Already on GitHub? Sign in to your account

Open
aringeri opened this issue May 30, 2025 · 9 comments · May be fixed by #6166
Open

conda environments recreated on every run with Seqera Platform (-with-tower) #6140

aringeri opened this issue May 30, 2025 · 9 comments · May be fixed by #6166
Assignees

Comments

@aringeri
Copy link

Bug report

Expected behavior and actual behavior

When using the conda directive for a process to point to a environment yaml file, the environment gets re-created in the cache directory on every run when using Seqera Platform.
We would expect that nextflow would use the existing conda environment in the cache directory.

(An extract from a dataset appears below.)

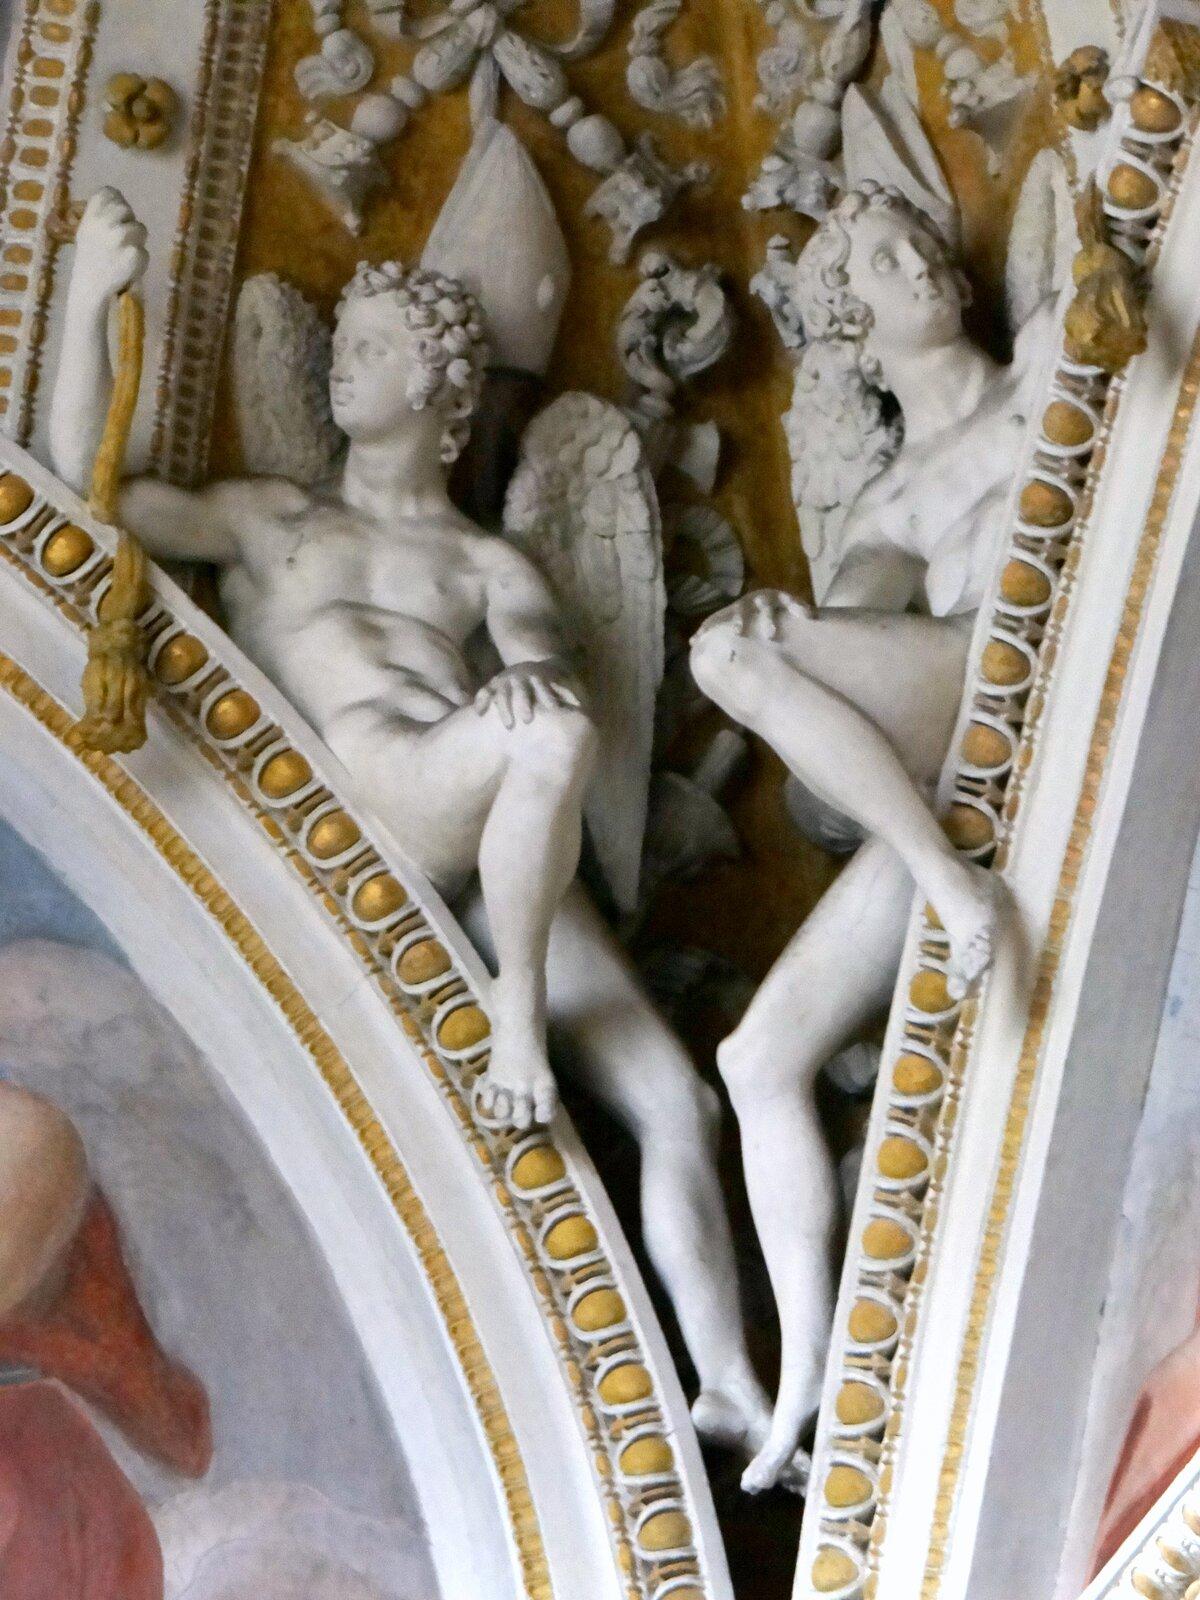 Ilustracja przedstawia detal rzeźbiarski zkaplicy Theodoli wbazylice Santa Maria del Popolo autorstwa Giulio Mazzoni. Na zdjęciu znajdują się dwie rzeźby siedzących nagich aniołów. Postacie wpisane są warchitekturę sklepienia. Umieszczono je na styku zdobionych żółtym ornamentem wolich oczu łuków. Nogi rzeźb lekko wystają poza ich krawędzie. Głowy okalają drobne loczki włosów. Anioł po lewej stronie spogląda wlewo, natomiast anioł po prawej wprawo. Za postaciami, na żółto malowanym sklepieniu znajdują się drobne białe płaskorzeźby zmotywami roślinnymi iinsygniami władzy kościelnej.

This change in behaviour is due to the conda cache changes here: #5489

Steps to reproduce the problem

  1. create a nextflow pipeline with the following process and environment file
process foo {
  conda '/some/path/my-env.yaml'

  script:
  """
  your_command --here
  """
}
name: my-env
channels:
  - conda-forge
  - bioconda
dependencies:
  - star=2.5.4a
  - bwa=0.7.15
  1. Import this pipeline into Seqera Platform - https://docs.seqera.io/platform-cloud/getting-started/quickstart-demo/add-pipelines
  2. Configure the `nextflow.config' of pipeline to:
    • enable conda conda.enabled = true
    • set the conda.cacheDir = /some/path/on/the/system
  3. Launch the pipeline via Seqera (in my case I am using a SLURM compute environment)
    • Seqera will:
      • set NXF_ASSETS to a location in the work directory <basepath>/work/.nextflow/pipelines/<pipeline-id>
      • launch nextflow on the server with nextflow run <pipeline> ... -with-tower <seqera-url>

Program output

Monitor the execution with Seqera Platform using this URL: <seqera-url>
Creating env using conda: /home/user/<username>/nextflow/work/.nextflow/pipelines/f1f16f92/my-pipeline/envs/environment.yml [cache /home/user/<username>/nextflow/conda_cache/env-fe50773488a5e0e5-535eefbee5734a58afed514fbe57635c]

Environment

  • Nextflow version: 24.10.5
  • Java version: 17.0.14
  • Operating system: Linux
  • Bash version: 5.1.8

Additional context

My troubleshooting has lead me to understand that Seqera Platform generates a new directory for nextflow assets for every pipeline launch. The new directory is placed in the work/.nextflow/pipelines directory. This directory has a new name for every pipeline launch.
In my case:

  • /home/user/<username>/nextflow/work/.nextflow/pipelines/f1f16f92/ - Run 1
  • /home/user/<username>/nextflow/work/.nextflow/pipelines/ee5ee5c/ - Run 2

This is problematic because the CondaCache class computes the cached environment directory based on a hash of the full path of the environment.yml file:

else if( isYamlFilePath(condaEnv) ) {
try {
final path = condaEnv as Path
content = path.text
name = 'env-' + sipHash(path)

  • /home/user/<username>/nextflow/work/.nextflow/pipelines/f1f16f92/my-pipeline/envs/environment.yml becomes env-fe50773488a5e0e5-535eefbee5734a58afed514fbe57635c

Essentially there is no way for two pipeline runs in Seqera to use a cached conda environment because they will never have the same name.
I see this as an incompatibility between the way Seqera Platform uses nextflow, so I'm not 100% sure where the fix should lie.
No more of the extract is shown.